Specifically I changed the following:

MAX_CACHE_SIZE = 10000000
MAX_CREATES_PER_MINUTE = 60

I also changed this to True:
LOG_UPDATES = True

Because Chris had mentioned that would give an idea what to set the MAX_UPDATES_PER_SECOND to.

Currently
MAX_UPDATES_PER_SECOND = 1000

Unfortunately, there were TONS of new metrics and I figured the creates were causing the bottleneck. After letting it run for about 12 hours the graphs were still looking pretty bad ( lots of holes ) I figured what the heck. The graphs were not informative at this point so what harm could more disk I/O do. I bumped the MAX_CREATES_PER_MINUTE to 600 and let 'er rip.

At this point looking at the creates log I am down to 5 or 6 new metrics each hour but the graphs are still missing lots of datapoints. I was thinking after most of the creates had happened that this may resolve itself. Should I bump the MAX_UPDATES_PER_SECOND up? I think I remember Chris saying 'less is more' in that case but can't find the question he had that answer in. Have I hit the threshold of maximum metrics sent to one machine? I was thinking of clustering the 2 cache servers and configuring half of the relays to go to each. Is this my only option? I thought I read that I could run multiple cache daemons on one server listening on different ports in order to take advantage of multiple processors. At this points the graphs have lost their usefulness other than being able to look at them and tell something is wrong with our graphing platform. :) .

Thanks!
Cody

Question information

Language:
English Edit question
Status:
Answered
For:
Graphite Edit question
Assignee:
No assignee Edit question
Last query:
Last reply:
Revision history for this message
Aman Gupta (tmm1) said :
#1

What retention policy are you using in your storage-schema.conf? You need to submit metrics at the same interval as your lowest precision, or the graphs will have gaps.

Revision history for this message
Cody Stevens (cody-stevens) said :
#2

[everything_1min_30days-5min_60days-15min_180days-1hr-10yrs]
priority = 100
pattern = .*
retentions = 60:43200,300:17280,900:17280,3600:87658

Granted, I just changed this.

Prior to this it was.

[everything_1min_1day]
priority = 100
pattern = .*
retentions = 60:1440

Which is still minutely data that had no holes in it. I plan to continue adjusting the storage schemas once I have a better idea which metrics require less granularity etc. At this point it is a catch all.
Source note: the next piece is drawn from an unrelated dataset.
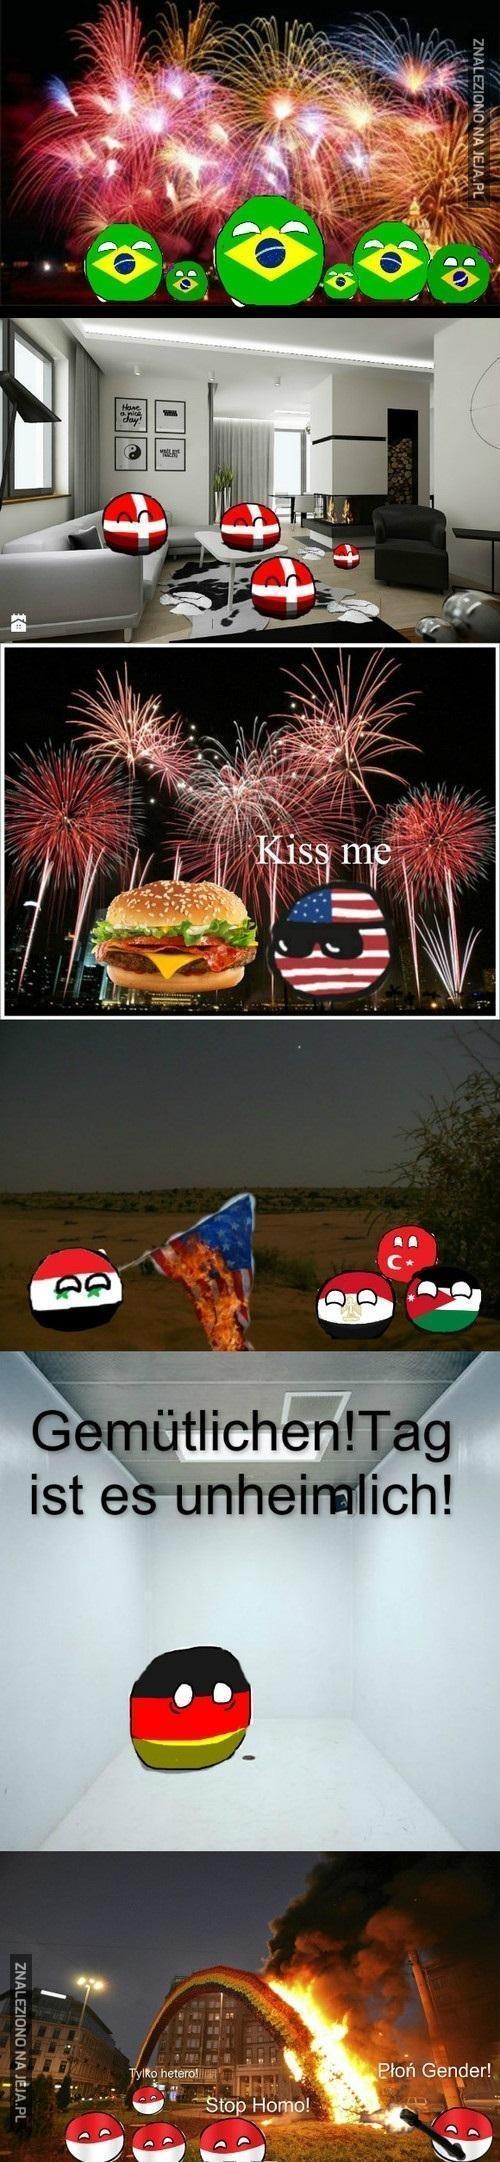 Święto niepodległości w różnych krajach
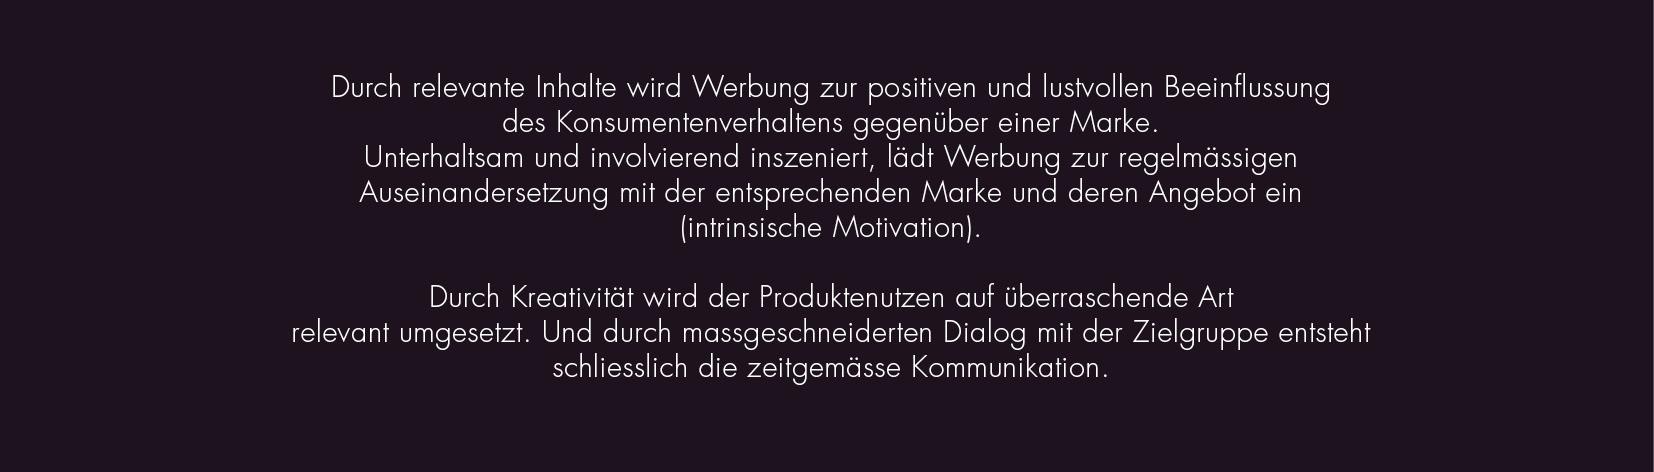 Philosophie_2.jpg

Thanks for the quick response!

Revision history for this message
Cody Stevens (cody-stevens) said :
#3

Also after changing the retentions I did a find for the *wsp files and did a whisper-resize.py on them with the new retentions.

If this helps here is some more info:

/usr/local/bin/whisper-info.py /scratch/graphite/storage/whisper/carbon/agents/graphch01/metricsReceived.wsp
maxRetention: 315568800
xFilesFactor: 0.5
fileSize: 1985080

Archive 0
retention: 2592000
secondsPerPoint: 60
points: 43200
size: 518400
offset: 64

Archive 1
retention: 5184000
secondsPerPoint: 300
points: 17280
size: 207360
offset: 518464

Archive 2
retention: 15552000
secondsPerPoint: 900
points: 17280
size: 207360
offset: 725824

Archive 3
retention: 315568800
secondsPerPoint: 3600
points: 87658
size: 1051896
offset: 933184

Revision history for this message
chrismd (chrismd) said :
#4

Aman is right you will see gaps if datapoints are not sent at expected intervals per your storage-schemas.conf, but I'll assume for the moment that isn't the problem.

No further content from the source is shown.